L’antropologia interpretativa

L’antropologia interpretativa fa emergere i significati dei fenomeni culturali. Essa punta l’attenzione sulla capacità dell’essere umano di riflettere su sé stesso e di elaborare un livello simbolico di significati e valori. Clifford Geertz è considerato il principale esponente di tale indirizzo.

L’antropologia interpretativa si propone di comprendere dall’interno le culture, considerate un mondo a sé, che può essere descritto e interpretato ma non spiegato.

Nella raccolta di saggi Interpretazione di culture (1973) Geertz dà una sistemazione teorica all’approccio interpretativo. Geertz ha sempre preferito la ricerca etnografica sul campo (lo studioso entra in contatto con la realtà socio-culturale che intendeva descrivere), piuttosto che la ricerca puramente teorica.

Per Geertz l’essenza della ricerca etnografica risiede nello sforzo intellettivo necessario ad interpretare i fenomeni osservati.
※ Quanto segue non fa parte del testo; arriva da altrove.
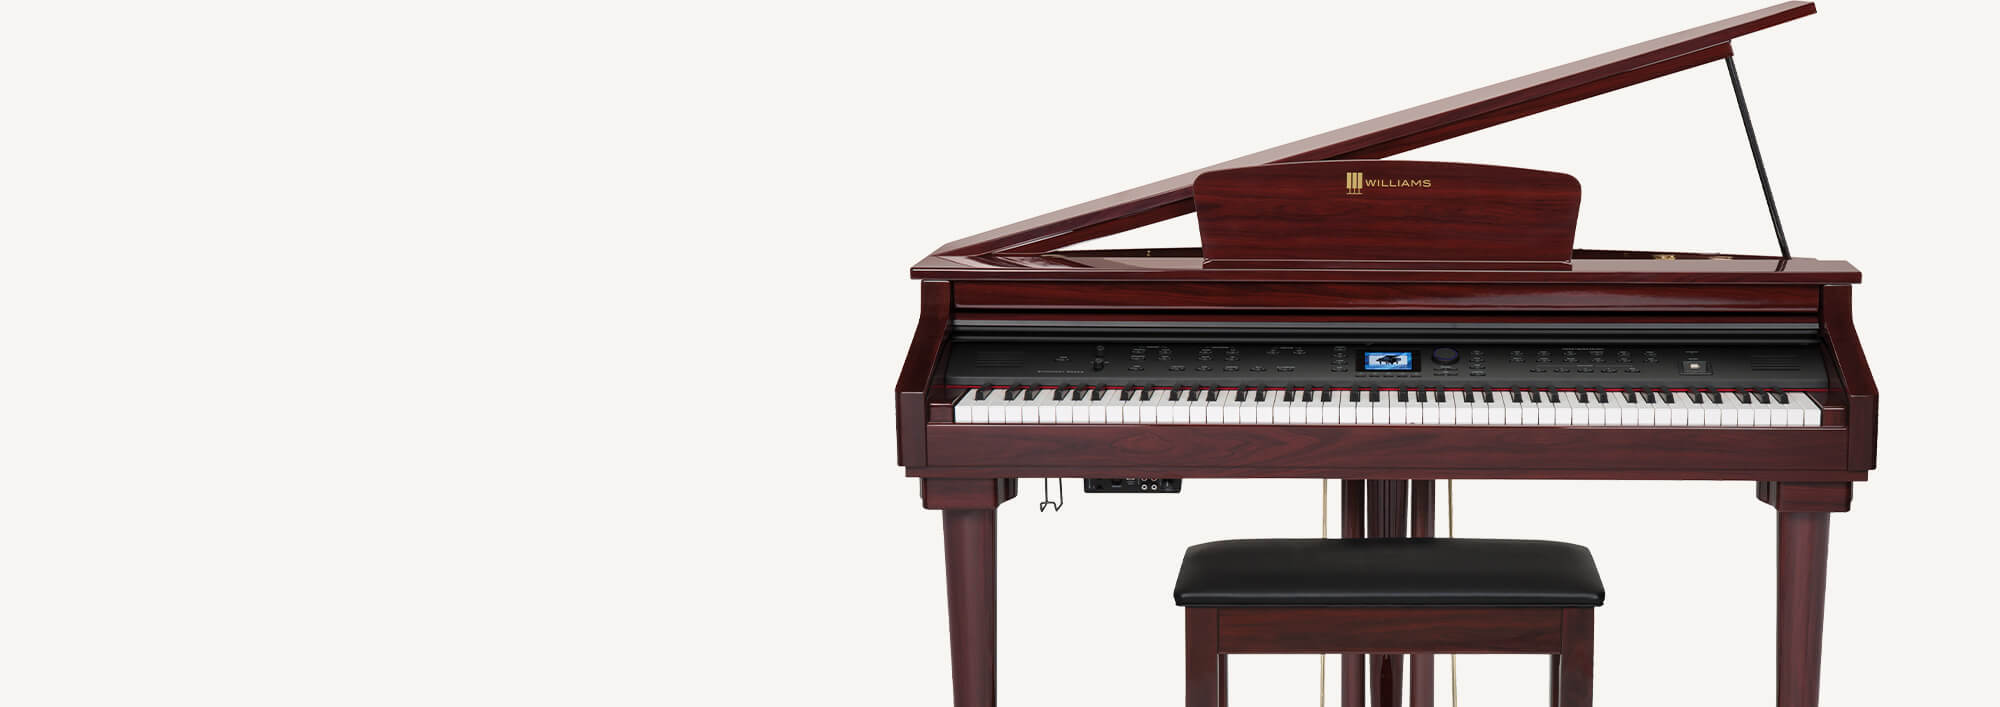 Williams Symphony Grand digital grand piano mahogany.

L’interpretazione è alla base di quella che lui definisce descrizione etnografica densa, cioè consapevole che i dati raccolti (attraverso interviste, conversazioni informali, osservazioni partecipanti e  analisi di documenti e registrazioni) sono interpretazioni che gli individui danno degli eventi della loro vita. L’antropologo a sua volta elaborerà queste interpretazioni partendo dal proprio punto di vista. In questo senso le sue sono “interpretazioni di interpretazioni”.
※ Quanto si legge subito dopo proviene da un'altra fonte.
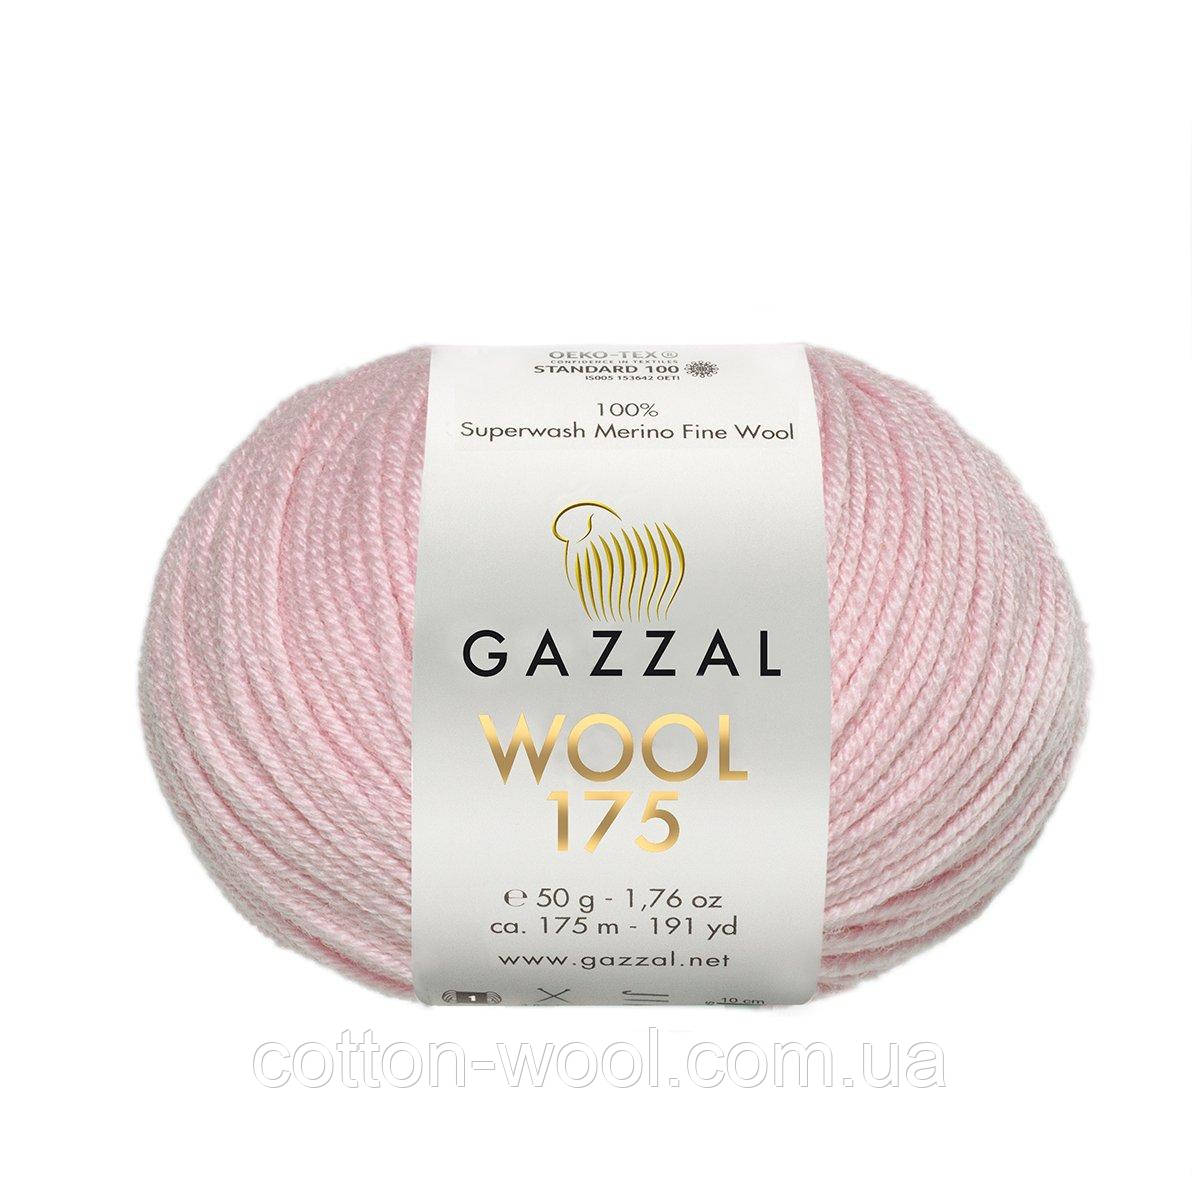 Gazzal Wool 175 (Газал Вул 175) 329

La pluralità dei punti di vista presenti in una descrizione densa non è tuttavia, secondo Geertz, un limite dell’etnografia, come potrebbe ritenere chi cerca la “verità di fatti”, bensì la sua ricchezza: l’incrocio delle interpretazioni restituisce il senso della complessità e varietà del mondo umano.

Un’altra peculiarità dell’etnografia è il suo carattere di narrazione scritta: grazie al lavoro dell’antropologo, un patrimonio umano di significati di azioni sociali compiute da personaggi reali è sottratto all’oblio a cui è condannata la maggior parte delle vicende umane, e rielaborato in forma narrativa, consegnato ai contemporanei e ai posteri.

Nella prospettiva di Geertz, l’antropologo è in primo luogo soprattutto un conservatore di significati.

Geertz ammette l’uomo come animale culturale. Egli non crede sia possibile scoprire degli universali culturali che permettono di distinguere l’uomo dagli animali.
Geertz prende di petto la diversità: l’uomo, afferma, è un animale molto vario; l’etnografia è la “scrittura” di questa diversità. L’uomo si differenzia da tutti gli altri animali per la diversità culturale, adattata in modi differenti agli ambienti più vari, di contro all’uniformità biologica di tutte le altre specie, che affrontano i problemi della sopravvivenza producendo lo stesso tipo di risposte geneticamente predeterminate.